The AST issue also has me thinking about heterogenous arrays and indexing
operations.
First, let's consider tuples. Give a tuple type (char, int, float) we could
very easily adopt indexing notation, as in:
let tup = ('a', 1, 3.414)
in
tup[1] // has 'int' type
Aside from the inconvenience for type inference (we can no longer assume
that [] means vector), there's no obvious problem here.

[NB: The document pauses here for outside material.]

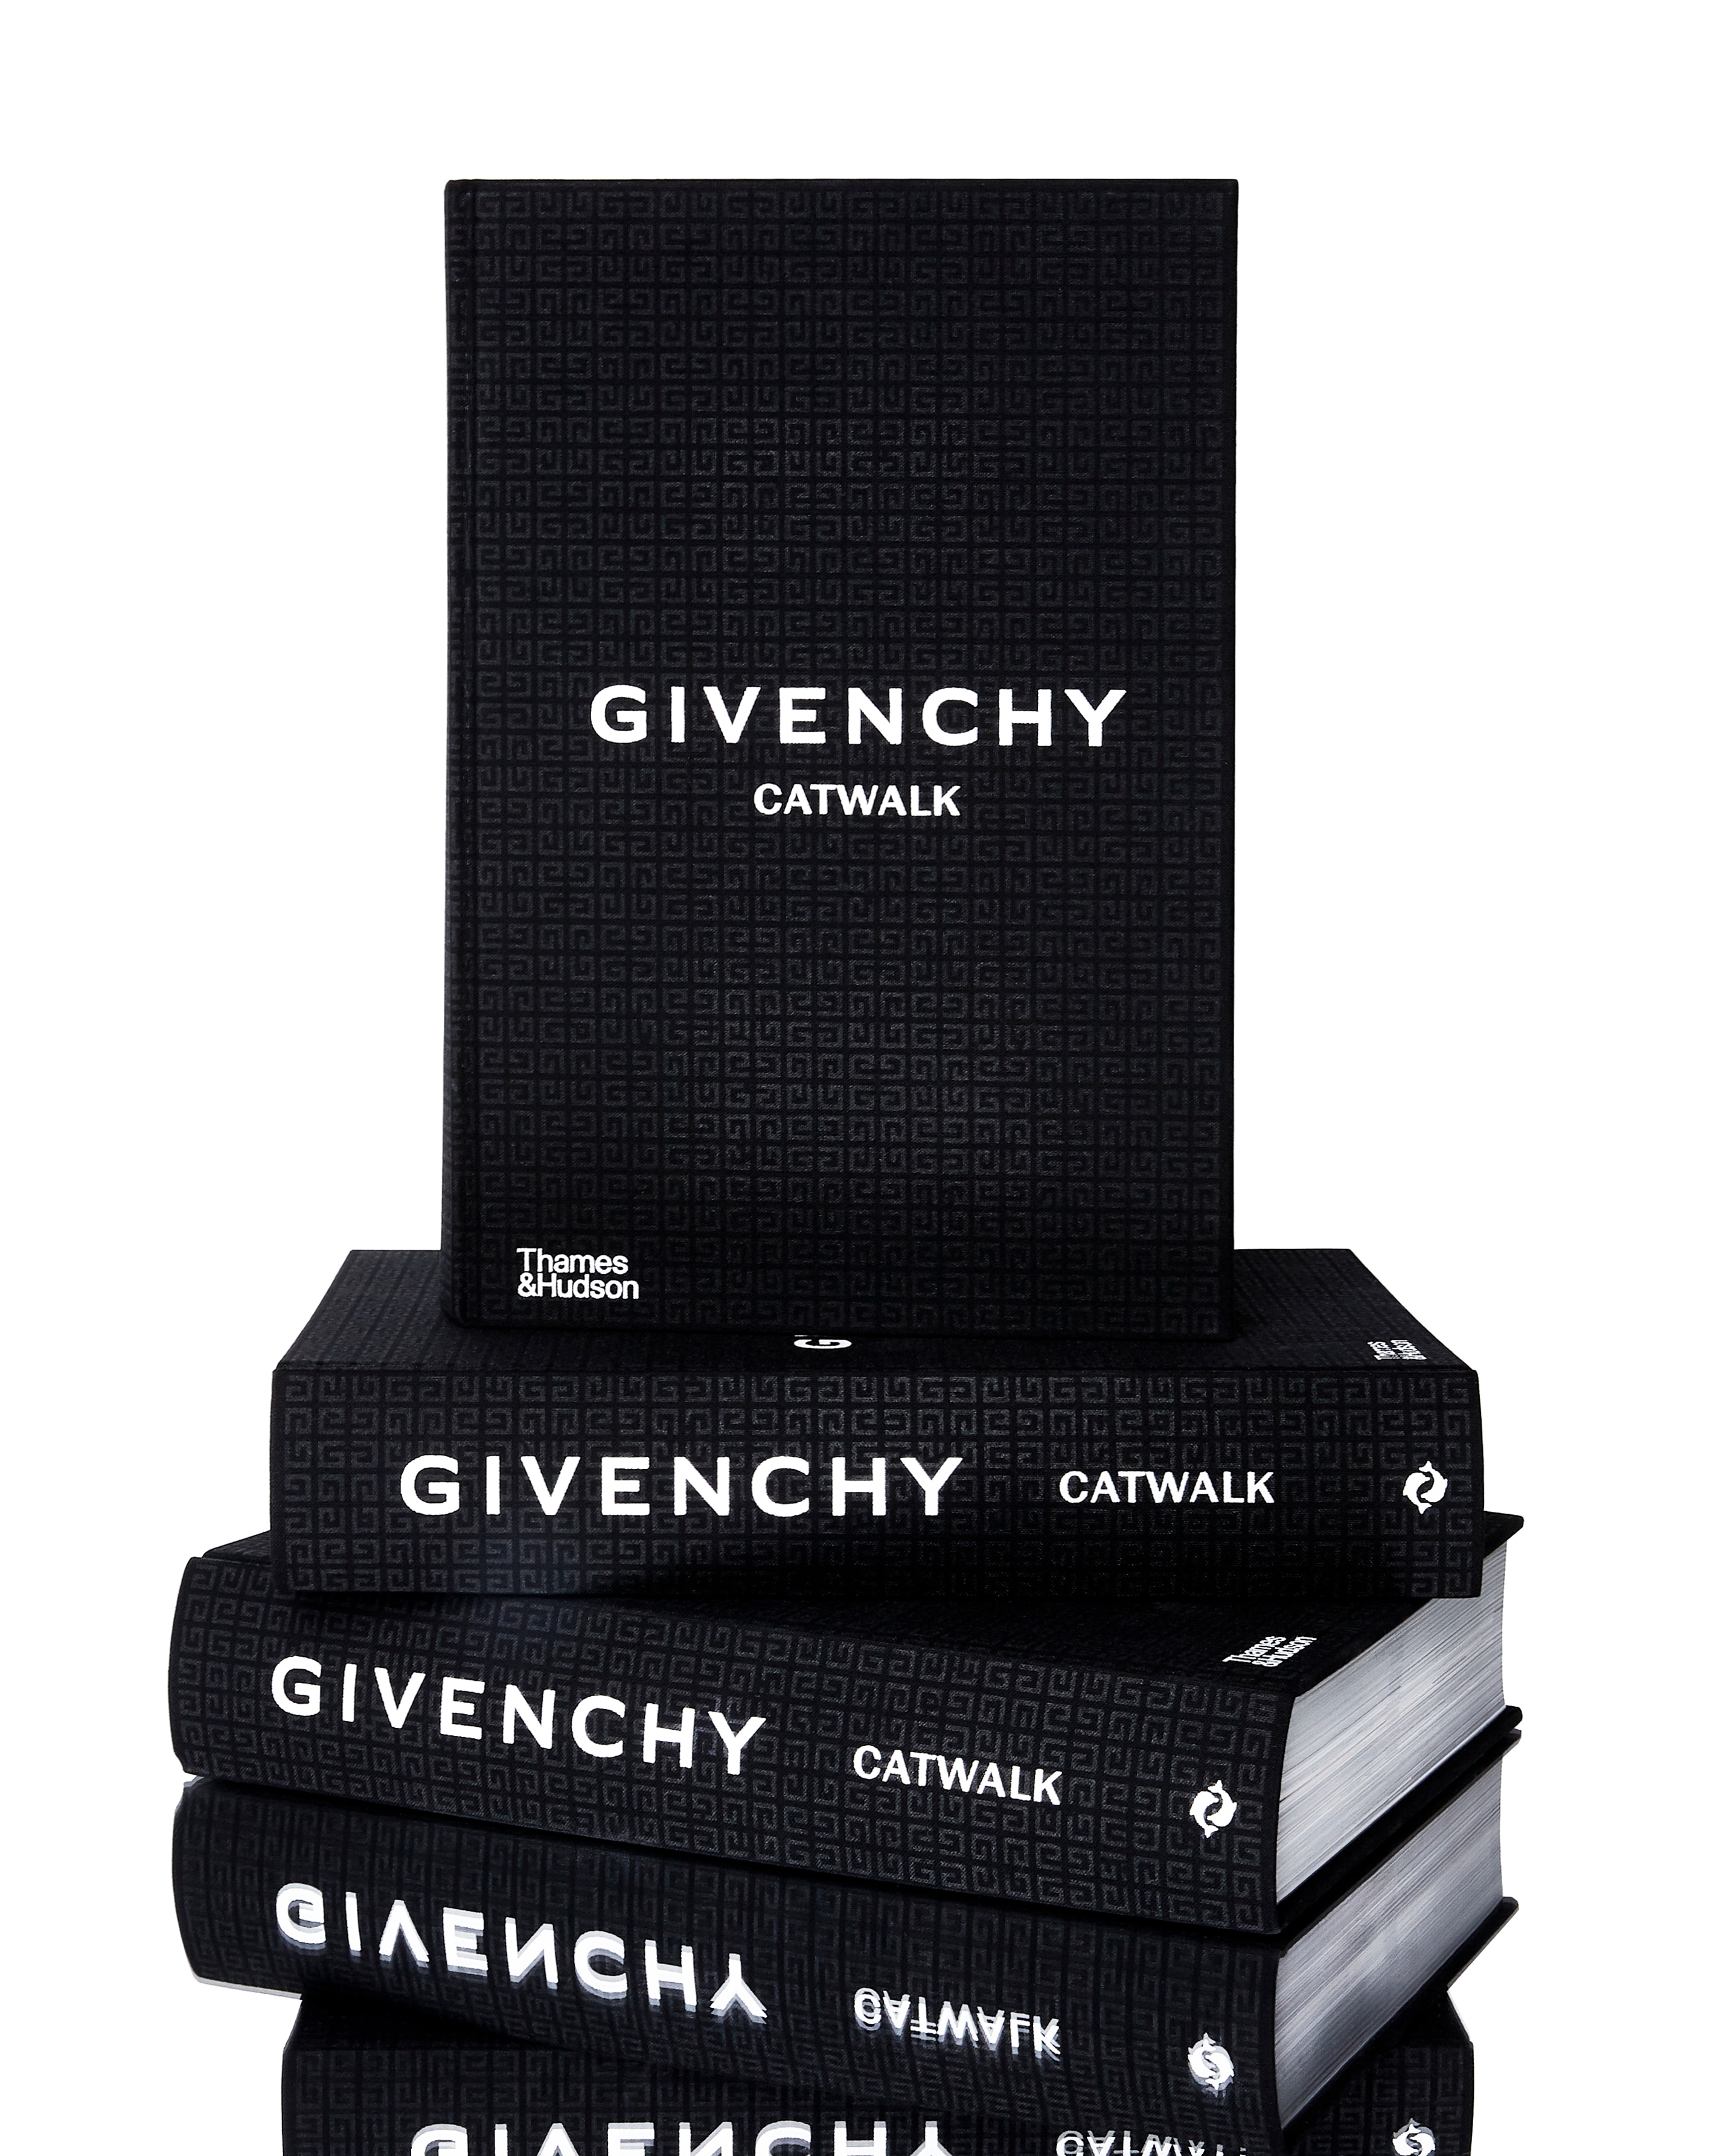 Givenchy Catwalk: The Complete Collections [Book]

Matters become
rapidly more complicated if the index operation can be performed using a
variable, which is part of why selectors on tuples have tended to use some
syntax like "#1" rather than "[1]".
>From a case analysis perspective, we end up with three cases here:
1. Heterogeneous element types combine easily with literal indices
2. Homogeneous element types combine easily with *either* literal or
value indices
3. Heterogeneous element types *can* combine with value indices, but
only with some form of dependent type analysis
The reason that a vector has to have homogeneous type is pragmatic. Since
we can't put a bound on it's length, we can't enumerate the types of all
elements, and so we don't really have a way to use literal indices.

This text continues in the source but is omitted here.